Samuel J. Danishefsky
Wolf Prize Laureate in Chemistry 1995/6
Samuel J. Danishefsky
Affiliation at the time of the award:
Memorial Sloan-Kettering Cancer Center, USA
Columbia University, USA
Award citation:
“for designing and developing novel chemical reactions which have opened new avenues to the synthesis of the synthesis of complex molecules, particularly polysaccharides and many other biologically and medicinally important compounds.”
Prize share:
Samuel J. Danishefsky
Gilbert Stork
Samuel J. Danishefsky (born in 1936, USA) completed his B.S. at Yeshiva University in 1956. He earned his Ph.D. in chemistry from Harvard University in 1962 under the guidance of Peter Yates, along with a National Institutes of Health postdoctoral fellowship at Columbia University with Gilbert Stork. After his doctoral studies, he became a professor at the University of Pittsburgh, where he achieved the rank of University Professor and taught until 1979. Subsequently, from 1979 to 1993, he held a professorship at Yale University, rising to the position of Sterling Professor of Chemistry.

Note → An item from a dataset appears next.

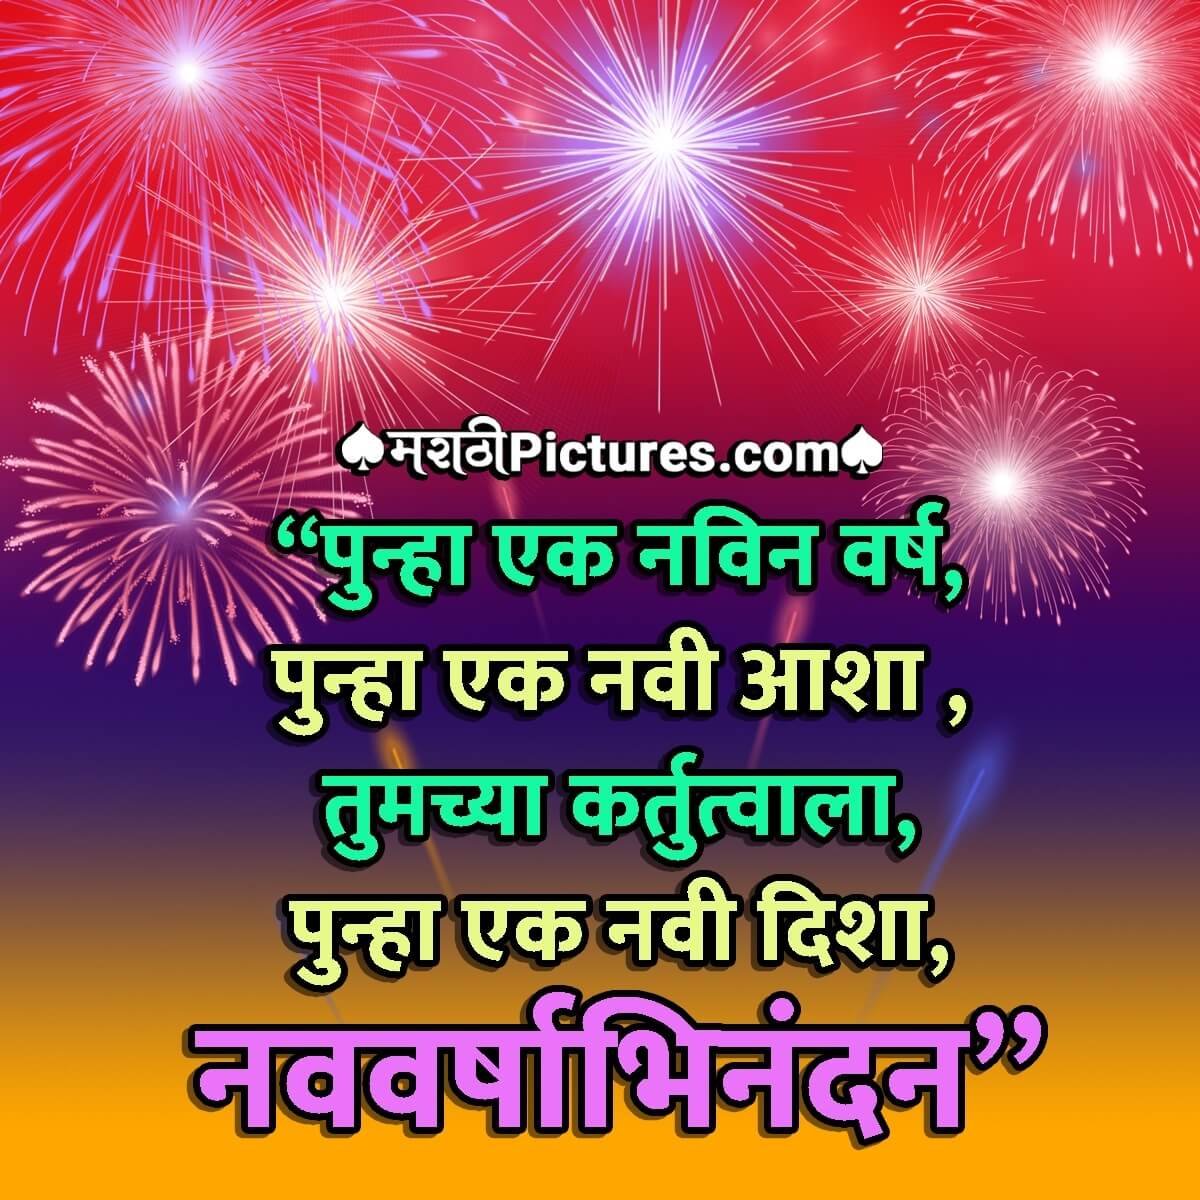 Happy New Year Quote In Marathi

Concurrently, Danishefsky served at Memorial Sloan-Kettering Cancer Center from 1991, initially as the director of the Laboratory for Cancer Research Bioorganic Chemistry and later as the chair from 1993. In 1993, he accepted a professorial appointment at Columbia University, currently dividing his time between Columbia and Sloan-Kettering.
Over almost five decades, Professor Gilbert Stork has changed the face of organic chemistry , and organic synthesis in particular. Stork´s contributions to the development of theories of stereoelectronic control over chemical reactions, include the SN2´ reaction, polyene cyclizations, alkylation reactions with enolates and enolate equivalents, reactions involving enamines and metalloenamines, the paradigm of trapping kinetic enolates, and various annulation reactions. Stork´s pioneering studies into free radical cyclizations have been recognized as one of the most powerful and concise strategies for assembling polycyclic natural products. Once considered the least tractable of synthetic intermediates, free radical chemistry is now routinely practiced in synthetic laboratories throughout the world.
Professor Samuel J. Danishefsky has developed a number of new concepts in organic reactivity, thoroughly investigated the relevant stereochemical and mechanistic issues and subsequently provided new solutions to demanding problems in natural product synthesis. Examples include his polyannulating reagents in steroid synthesis, his now routinely employed dienes for Diels-Alder and hetero-Diels-Alder reactions, and more recently, his use of glycals for the synthesis of oligosaccharides. The capacity that these methodologies bring to the synthesis of complex structures which bear multiple asymmetric centers is a major triumph in chemistry.
The synthesis of complex polysaccharides has been one of the long-standing problems in synthesis. Such compounds play a crucial role in many biologically important phenomena, including cell adhesion, enzyme inhibition, determination of blood groups, immune response and cancer. Polysaccharides represent one of the three most important classes of biopolymers. While the synthesis of the other two – polynucleotides and polypeptides – has reached a satisfactory level of maturity with an immense impact on the study of biology and on medicine, the synthesis of polysaccharides has remained a formidable challenge.
In 1993 Danishefsky announced a highly efficient synthesis of oligosaccharides on a polymer support using same of the mutually developed tools. More recently, he has extended the method to the solid-phase synthesis of glycopeptides. This work has brought us to the threshold of a new era where complex carbohydrates can be assembled with an unprecedented selectivity and efficiency. Some of these fully synthetic compounds, such as the human breast cancer tumor antigen, are now being evaluated with respect to anticancer vaccines.
The influence of this mentor/disciple couple on several generations of chemists in organic synthesis and related bioorganic areas has been immense. Their noncompromising commitment to academic excellence has produced hundreds of top-class organic chemists, many of which are now university professors and key scientists in the chemical and bio-medical industries around the world.